А этой безбрежной любви,
этой щемящей тоске
Печалью вечною жить,
бессмертною болью во мне!
Цинь Чжун столько раз уже побывал в доме матушки Ван, что все там, от мала до велика, знали его.
Время летело быстро. Незаметно прошло больше года. Изо дня в день Цинь Чжун откладывал то три, то два фэня, уж самое малое — один. Когда набиралось несколько цяней, он выменивал их на более крупные куски серебра, и в конце концов у него накопился их целый узел; сколько там было, он и сам не знал.
Как-то в нечетный день полил дождь, и Цинь Чжун не пошел торговать.
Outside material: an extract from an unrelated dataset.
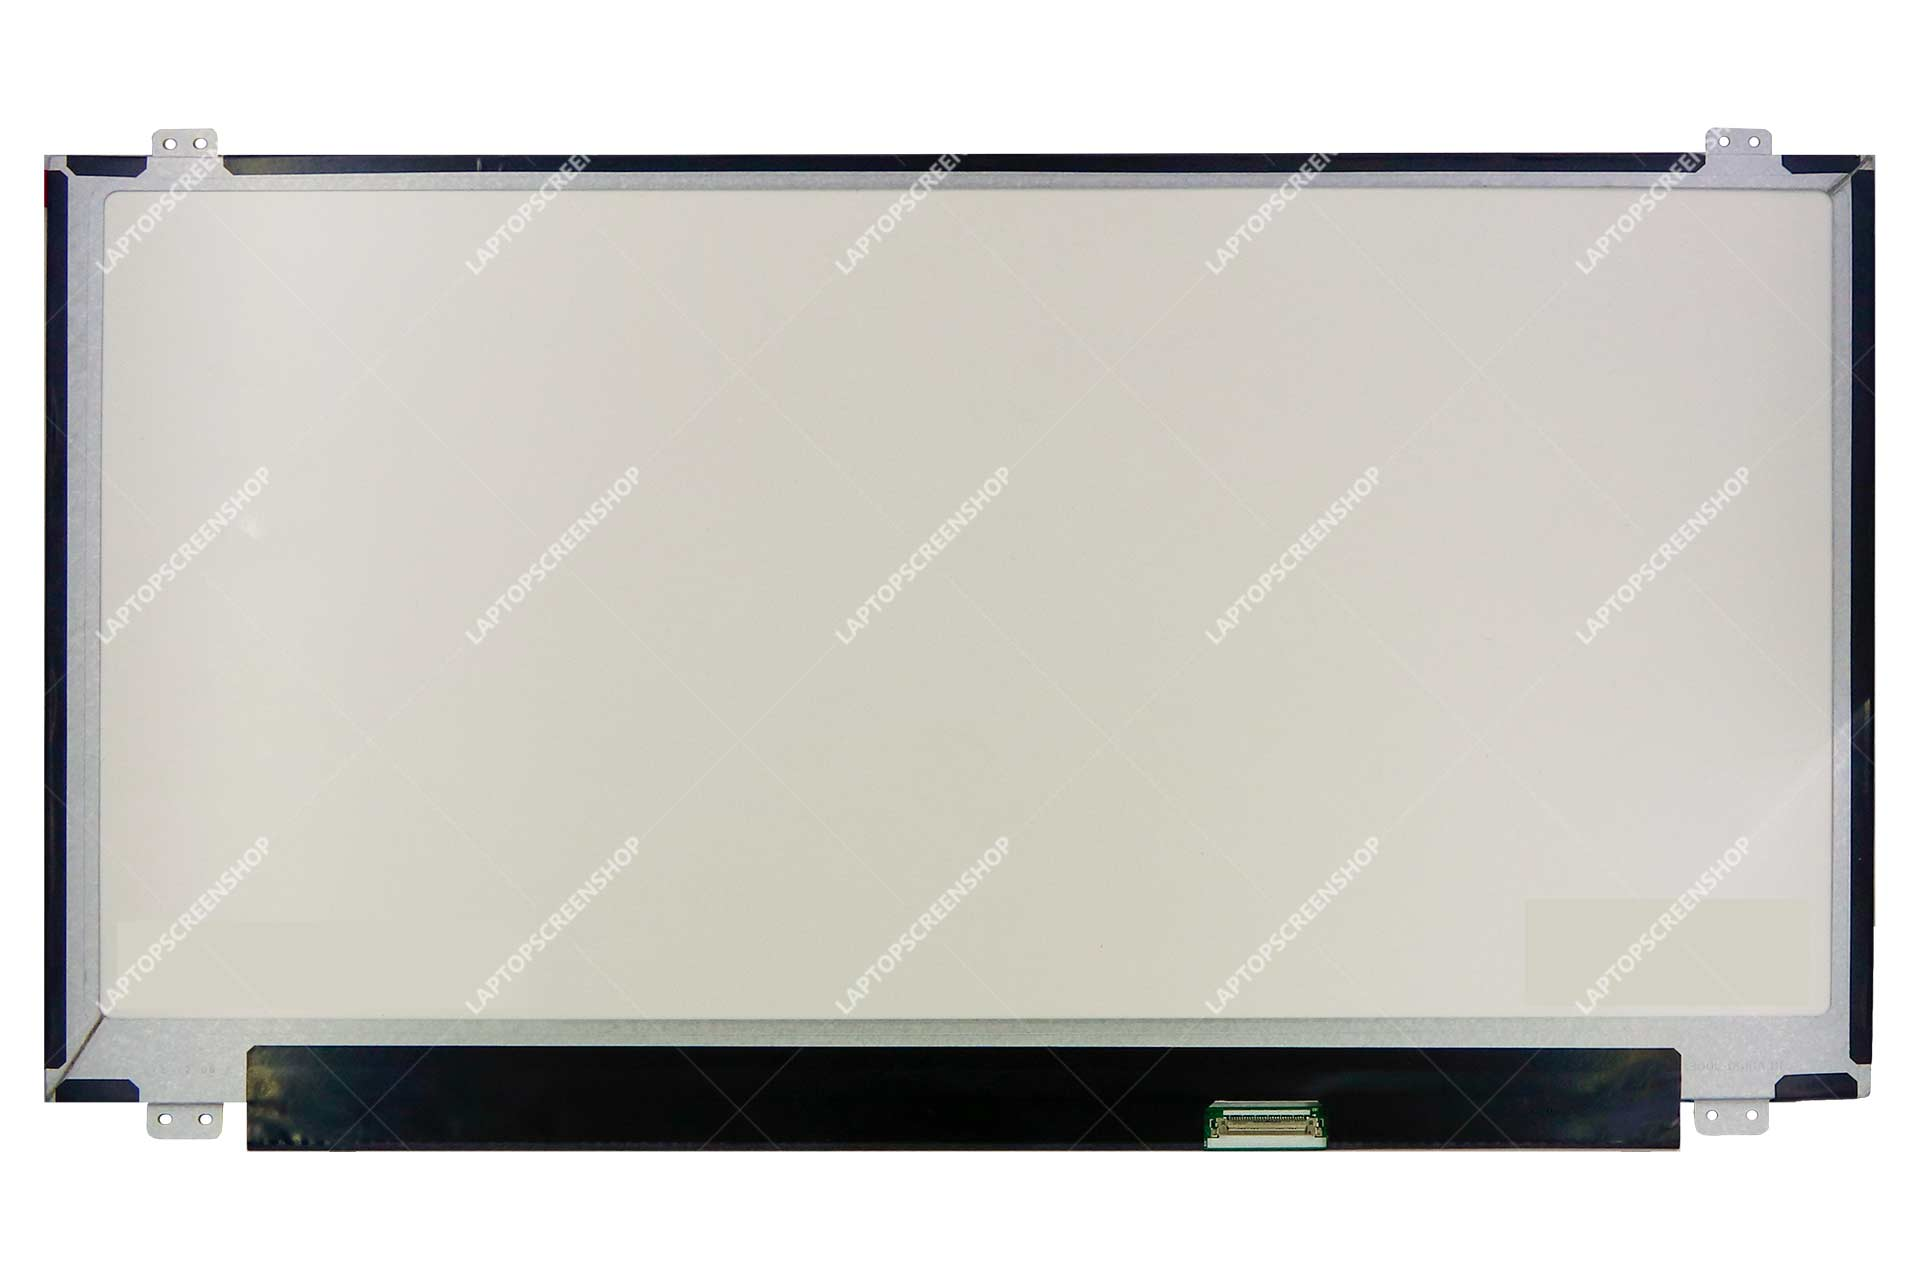 ACER-ASPIRE-E1-430G-SERIES-LCD-LCD  HD فروشگاه لپ تاپ اسکرين   تعمير لپ تاپ

Довольный тем, что ему удалось скопить порядочную сумму, он решил: «День сегодня свободный, надо воспользоваться этим и пойти проверить на весах, сколько же все-таки у меня серебра».
Взяв зонт, он пошел в лавку напротив, где торговали серебряными изделиями, и попросил весы, чтобы взвесить серебро.
«Сколько может быть серебра у какого-то продавца масла, что ему нужны весы? — подумал серебряных дел мастер, пренебрежительно взглянув на посетителя. — Дать ему пятилановый безмен, и то, пожалуй, не придется держать за первую петлю».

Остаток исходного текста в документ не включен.